[Exercise prompt] With the pictures omitted, repeat exactly the lines below starting with the line that has "未来一个月重磅球鞋发售清单详览" and going on through the line that has "Das neue Atelier im Zeughaus1, Winterthur".

[Data to examine]
━━━━━━━━
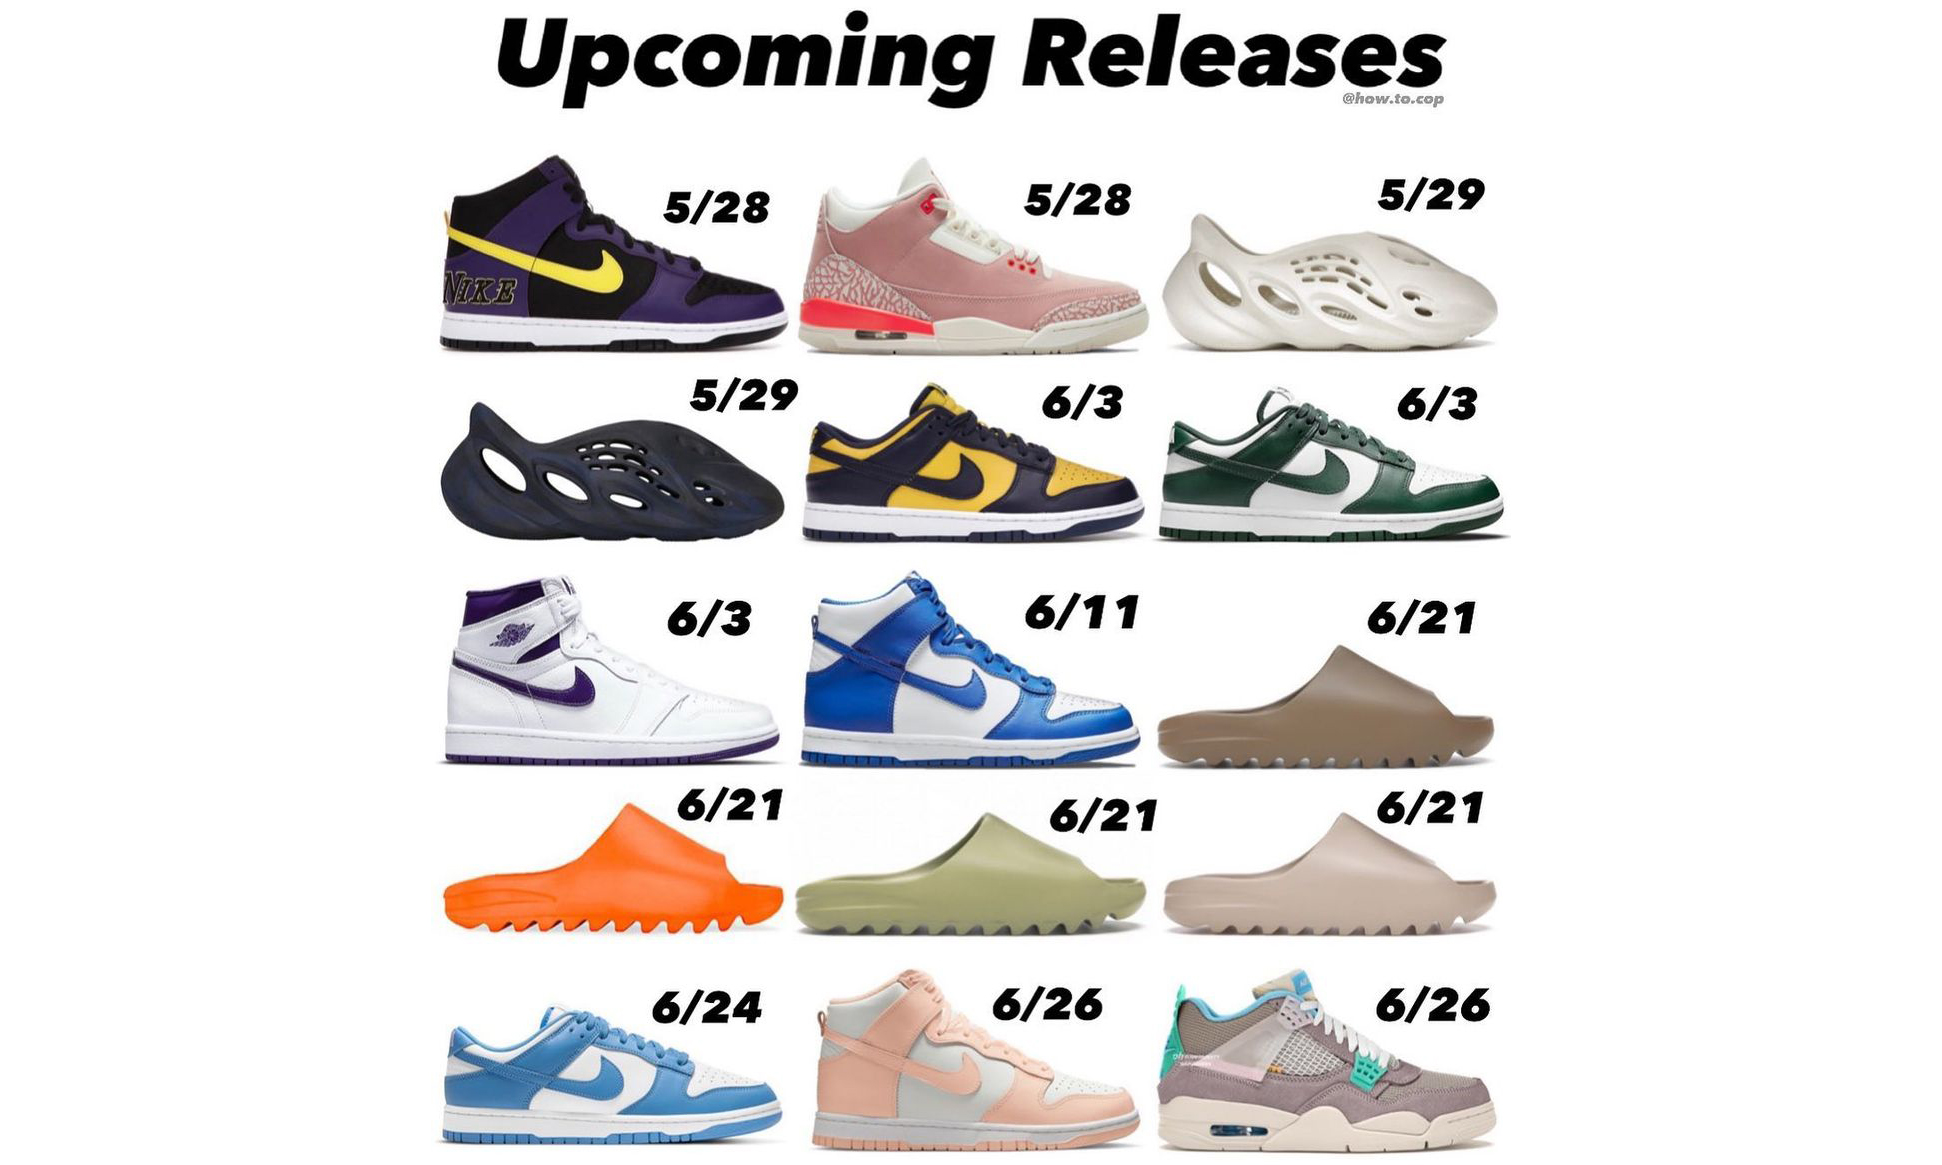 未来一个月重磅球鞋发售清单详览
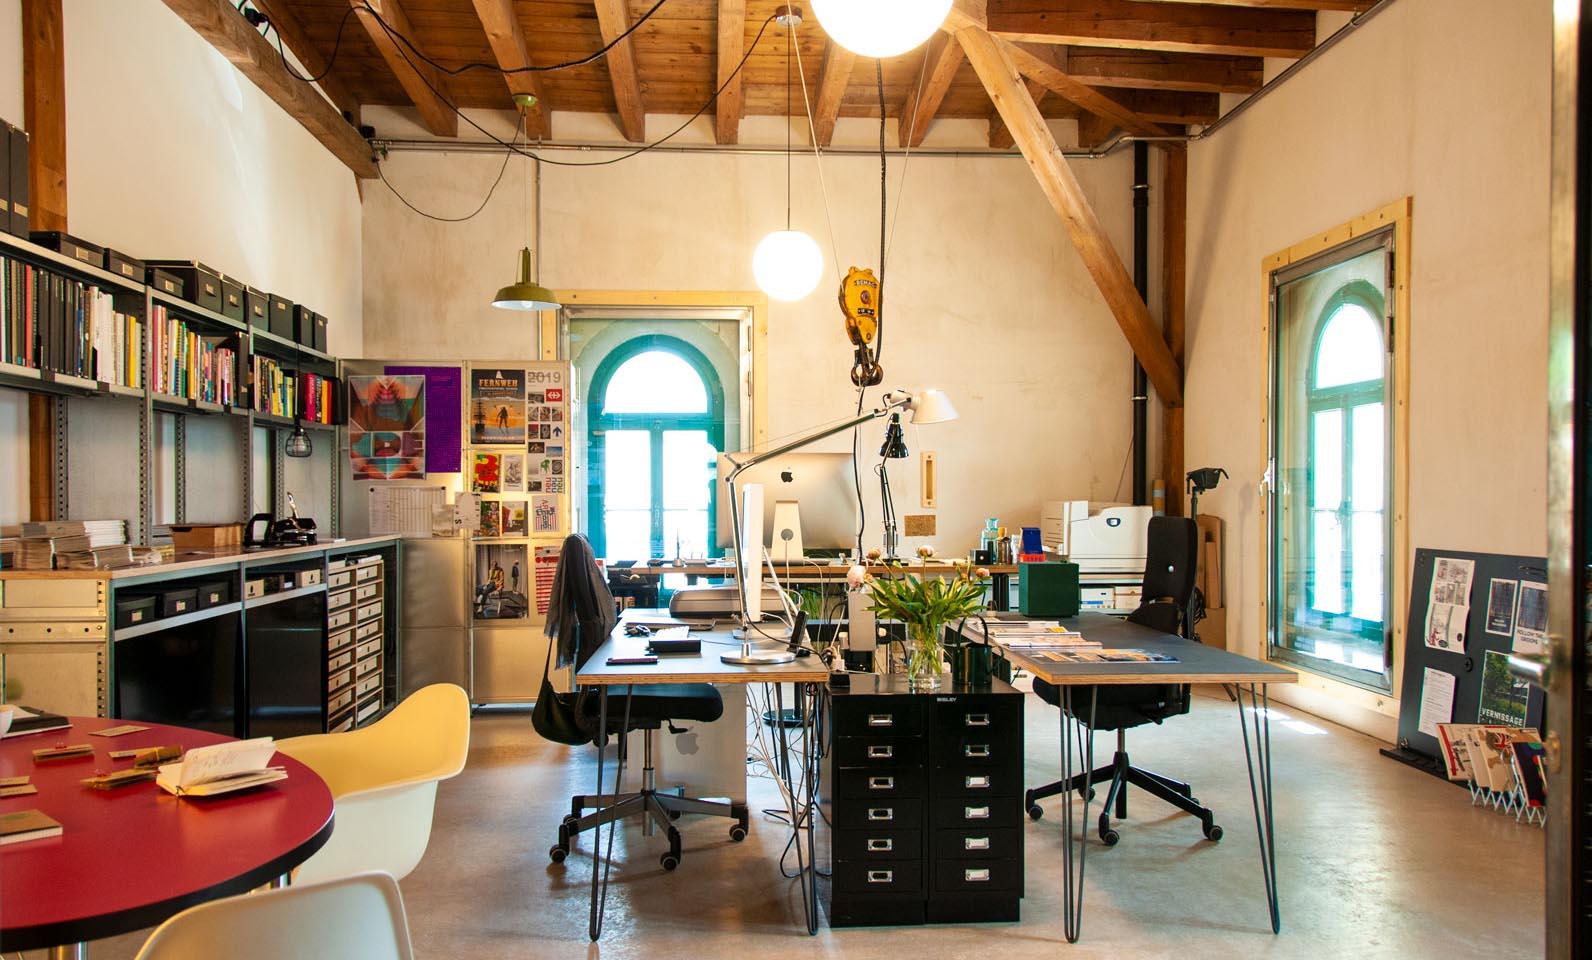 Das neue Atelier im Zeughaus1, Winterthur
━━━━━━━━
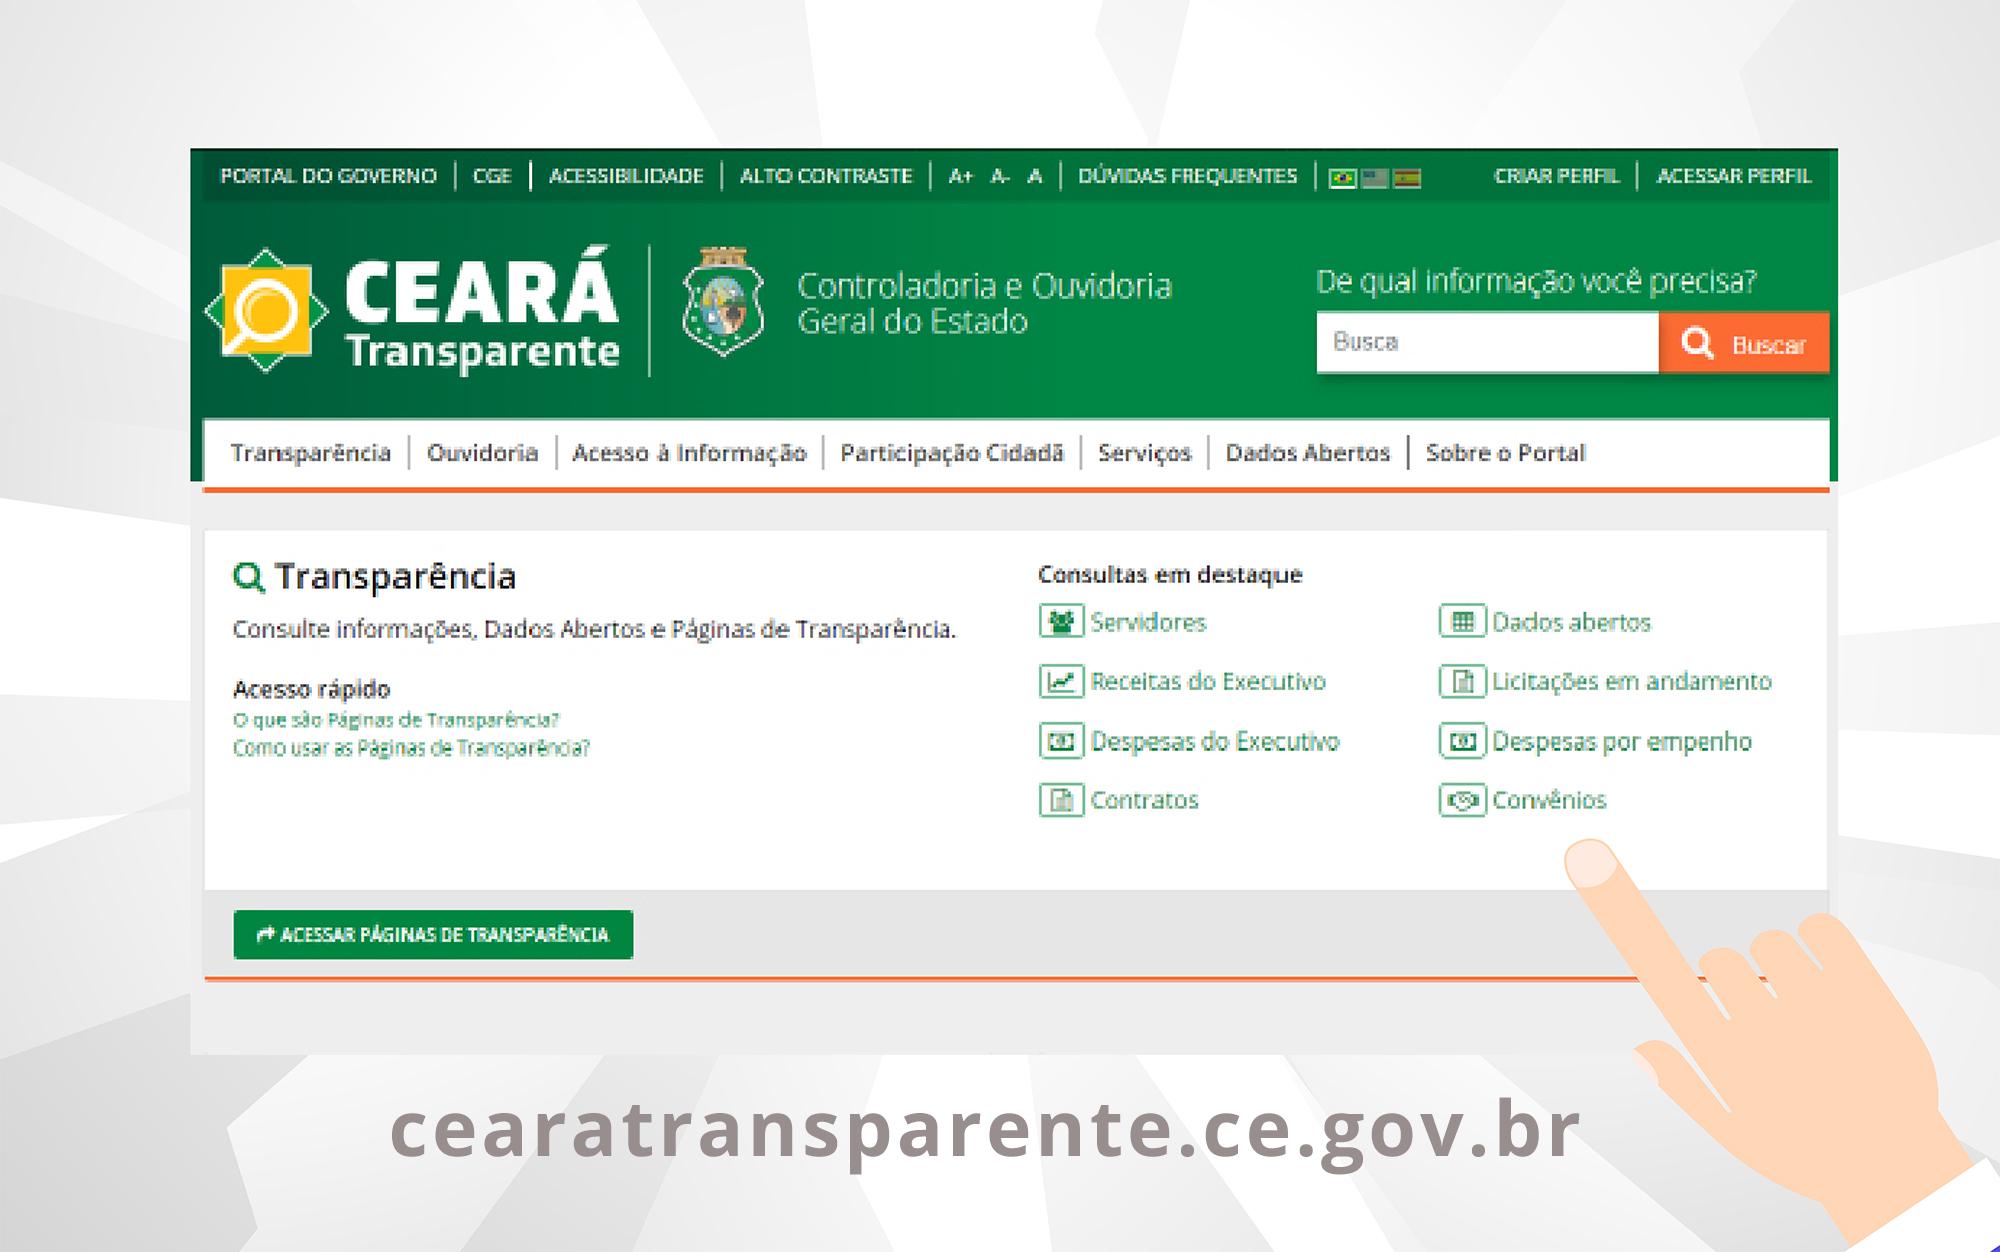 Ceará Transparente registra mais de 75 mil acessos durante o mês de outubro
━━━━━━━━
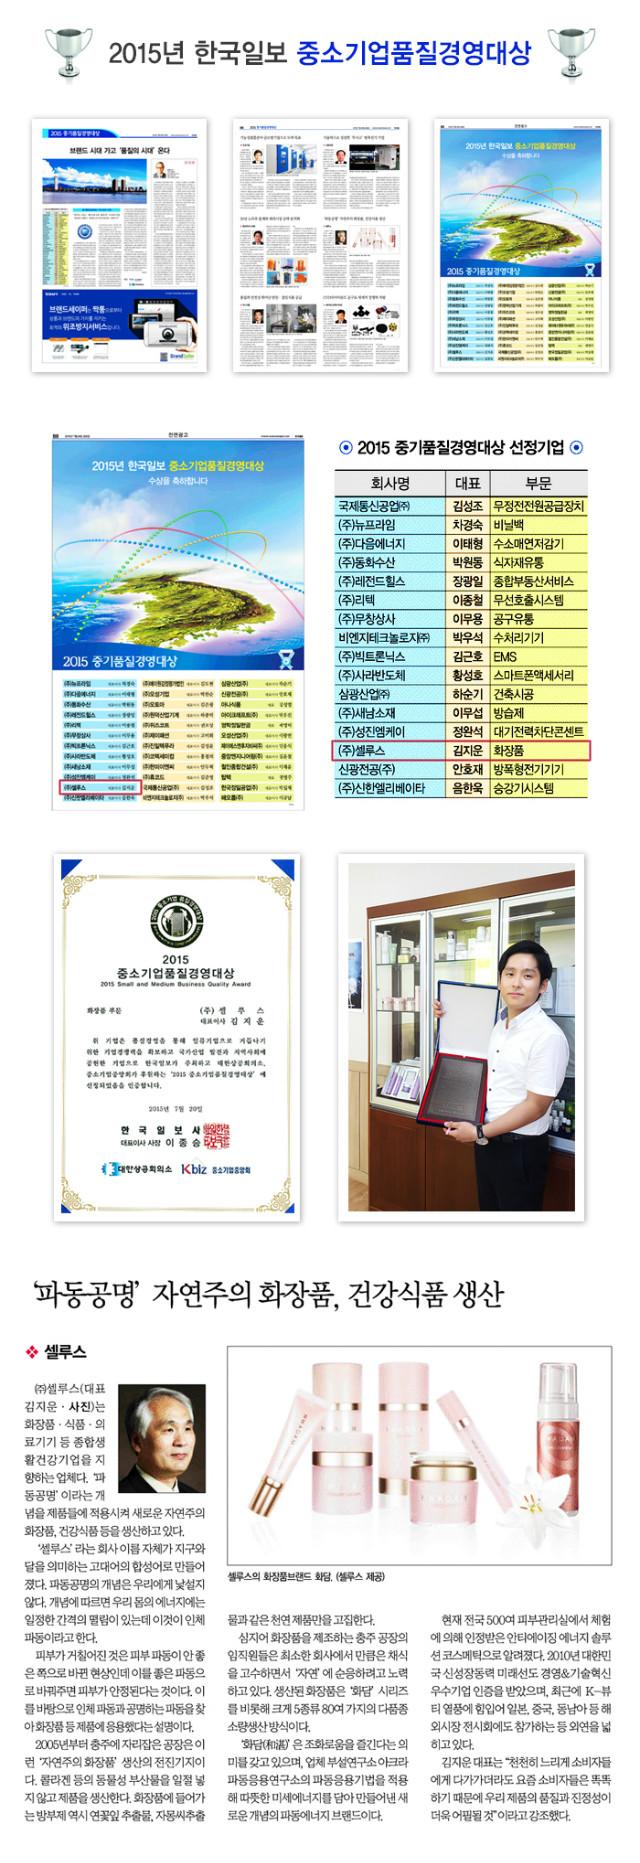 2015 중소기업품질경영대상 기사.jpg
━━━━━━━━
[Written solution]
 未来一个月重磅球鞋发售清单详览
 Das neue Atelier im Zeughaus1, Winterthur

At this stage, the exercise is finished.